The Jamaica Film and Television Association (JAFTA) and the Jamaica Promotions Corporation (JAMPRO) are happy with the outcome of their PROPELLA initiative, after the five short films selected in the first installment of the project enjoyed huge success at the recent staging of the Trinidad and Tobago Film Festival.
According to the president of JAFTA, Gabrielle Blackwood, the PROPELLA project was birthed with hopes of exposing as much local talent as possible by creating opportunities for key players in the film industry to continue on a path of growth and development.
“We have been trying to seek opportunities for our film makers both locally and internationally to improve the film sector and to increase partnerships with talent overseas and talent here,” she said.
“We have so much potential here in Jamaica that we just need to give our creative minds a chance to excel by exposing them to the world.”
She went on to explain that participating in film festivals was one of the ways JAMPRO and JAFTA saw as a means of bringing attention to local talent.
“Part of what we are hoping to do is expand our entries in film festivals overseas to increase those co-production links, and ultimately, create more opportunities for our people and with the recent success of the five short films coming out of PROPELLA, we have been able to do that to some extent.
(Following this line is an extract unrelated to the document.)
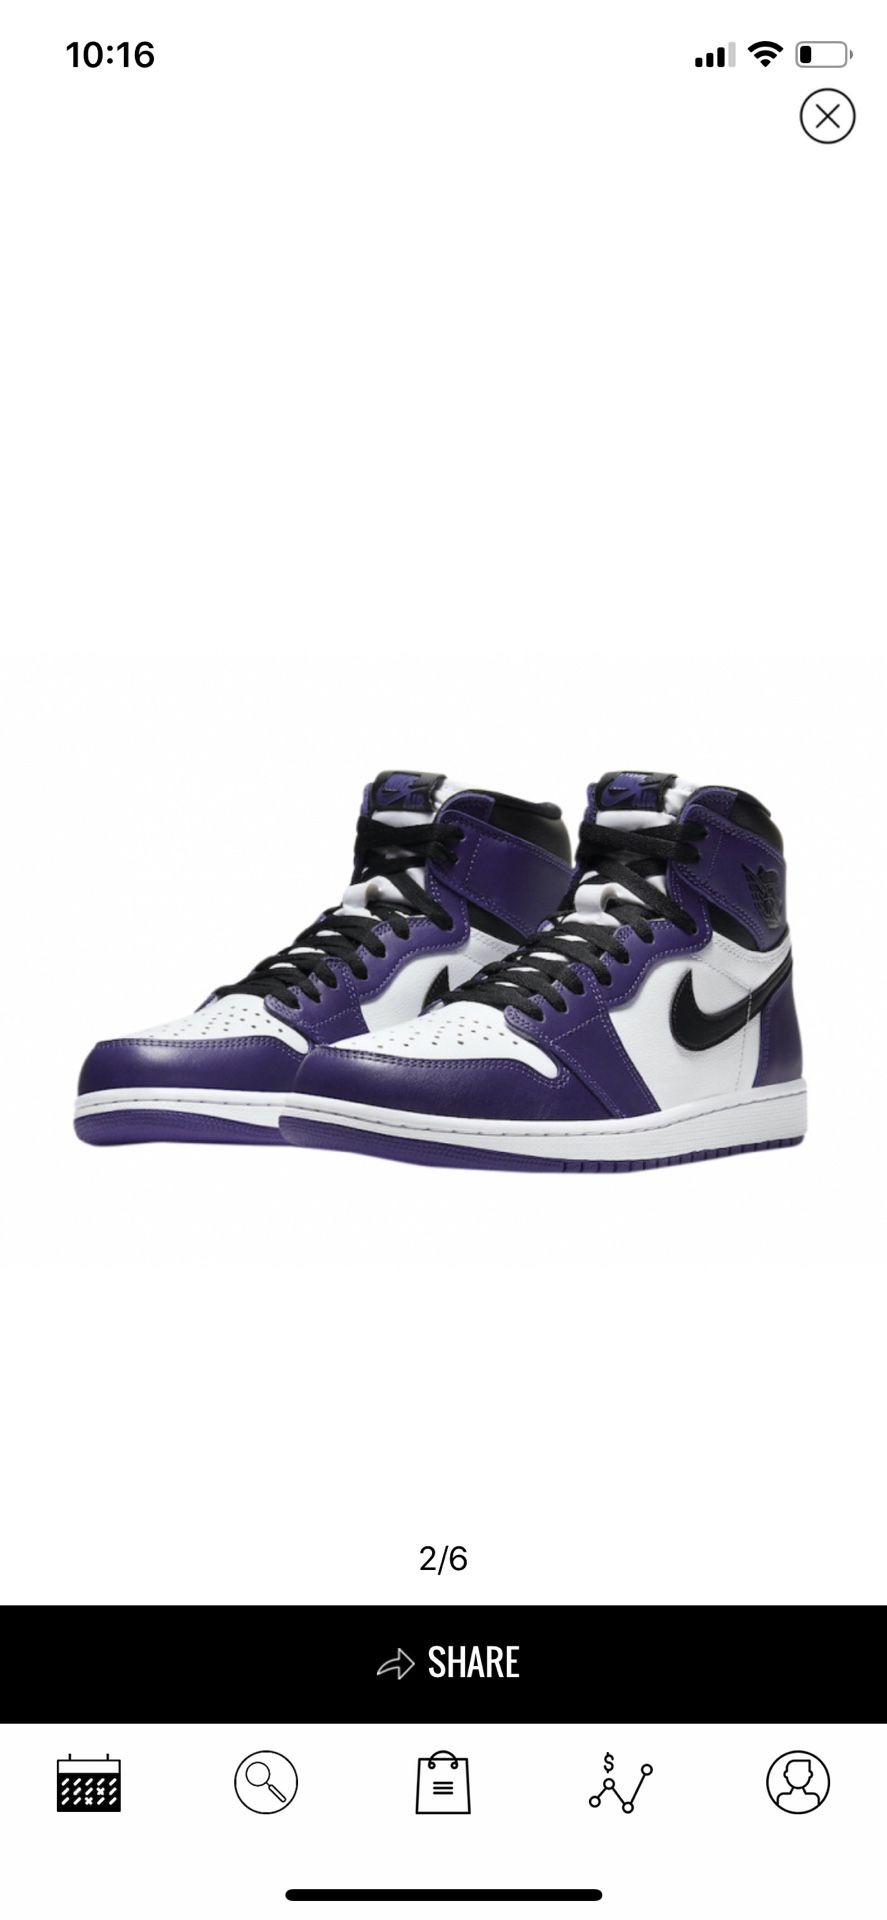 Air Jordan 1 high OG White Purple
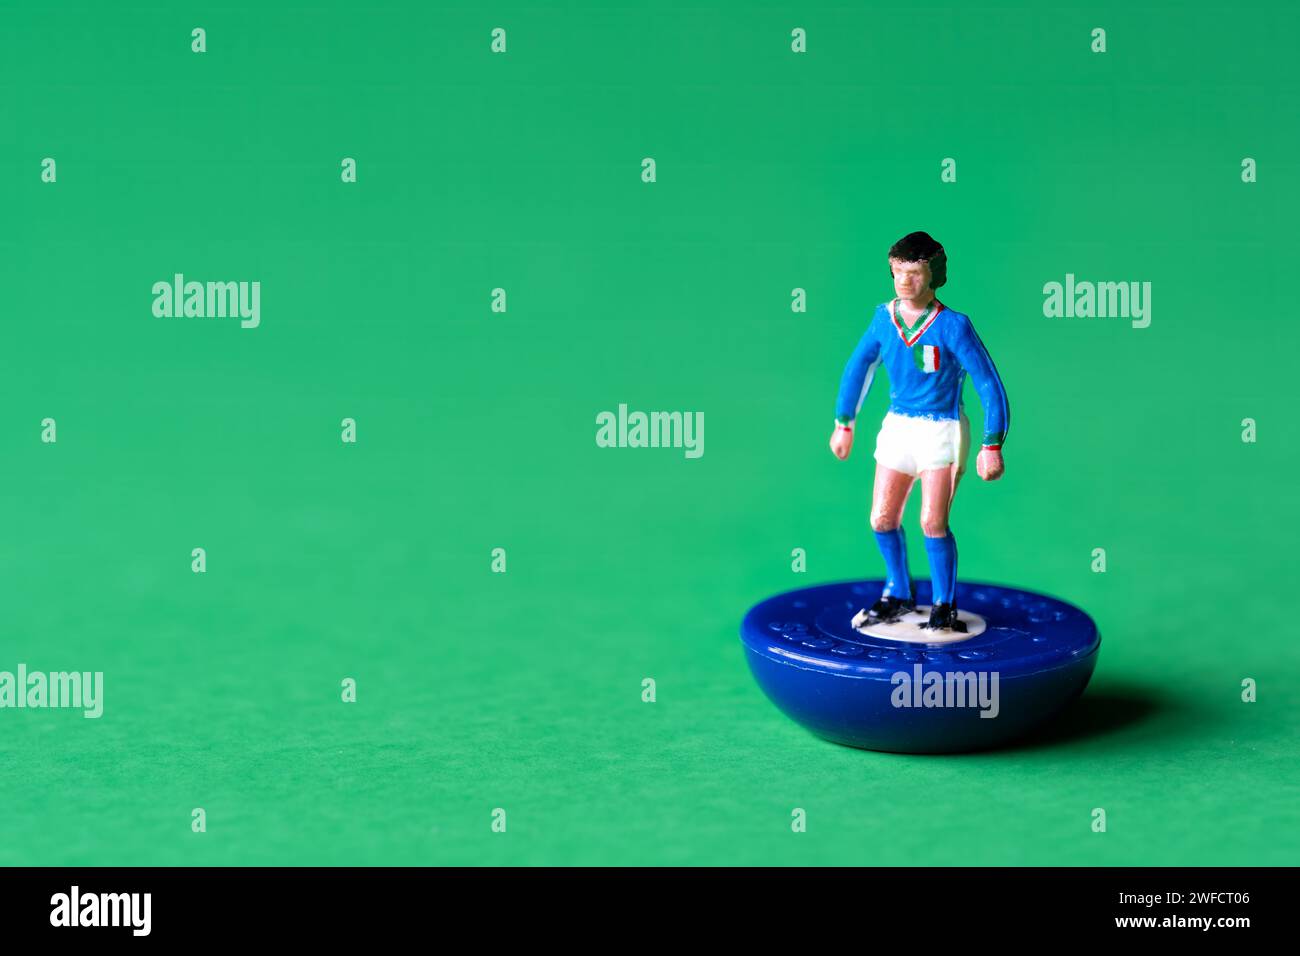 Una singola figura in miniatura di Subbuteo dipinta nei colori della nazionale italiana di maglia blu e pantaloncini bianchi. Subbuteo è una partita di calcio da tavolo Foto Stock

We have had film makers from abroad approach us to say that they want some of our films in their festivals or to say that they want to showcase a film here.”
Film Commissioner Renee Robinson echoed the sentiments shared by Blackwood.
Having had first-hand experience with the exposure gained from a major film festival (as part of the team that executed the Toronto International Film Festival), Robinson revealed that JAMPRO’s partnership with JAFTA was a no-brainer as both organisations shared similar objectives.
“Their goals fit into what JAMPRO wanted to do where sector development and talent discovery was concerned,” she explained. “For us at JAMPRO, making sure that our talent and our content are seen externally is important. We also want our industry players to capitalise on some of the relationships that come from gaining international exposure, so we want them to get used to the idea of not just attending a regional film festival, but an international film festival.”
The films, Original by Kurt Wright and Noelle Kerr; Shock Value, Adrian Lopez;Shoot the Girl , Tony Hendricks and Natalie Thompson; Sugar, Laurie Parker, Sharon Leach and Michelle Serieux; and The Silent Ones, Gregory Lopez and Janet Morrison, were selected from over 20 submissions back in May. The film makers were given $500,000 from the CHASE Fund to help with the production of their film, and according to both Robinson and Blackwood, the local film makers produced top-quality content with the resources they were given.
“The films did an excellent job, I’m so proud of that group of film makers,” said Robinson. “We had an industry trade booth at the festival, and we were one of only 38 other countries with a trade element component there. What that meant was that Jamaica was playing with Russia, the UK, Canada, Italy, France, and all these other countries. Our booth was the hit. We found that people naturally gravitated to the Jamaica booth, so our screenwriters were having discussions with producers, financiers, sales agents, distributors. So opportunities were created right there.”
Based on the success of the first installment of the PROPELLA initiative, both JAFTA and JAMPRO have decided to make the project an annual one.
“This is just the first. We are planning on making this an annual thing,” said Blackwood. “It’s happening, so we are putting it out there. If you are a film maker, you’re not a JAFTA member, but you have scripts sitting down and your interested in creating a film, look out for PROPELLA next year. Join JAFTA now, by attending our meetings every last Thursday of the month at the UWI film project office at the Mona Campus at 6:30 p.m., and then you pay your monthly dues.”
Robinson says: “We are committed to continuing to support this on an annual basis. We need to play on that international scene and the fact that PROPELLA is now being requested at other film festivals means that these film makers are getting a level of international exposure that would not have happened if we did not travel with them and make them visible.”
A private local screening on November 3 is next on the PROPELLA agenda as they seek to take the five films from this year’s project even further. PROPELLA’s aim is to make these films available to the public in the near future, but as part of the process, the films have to first tour the local film festival circuit.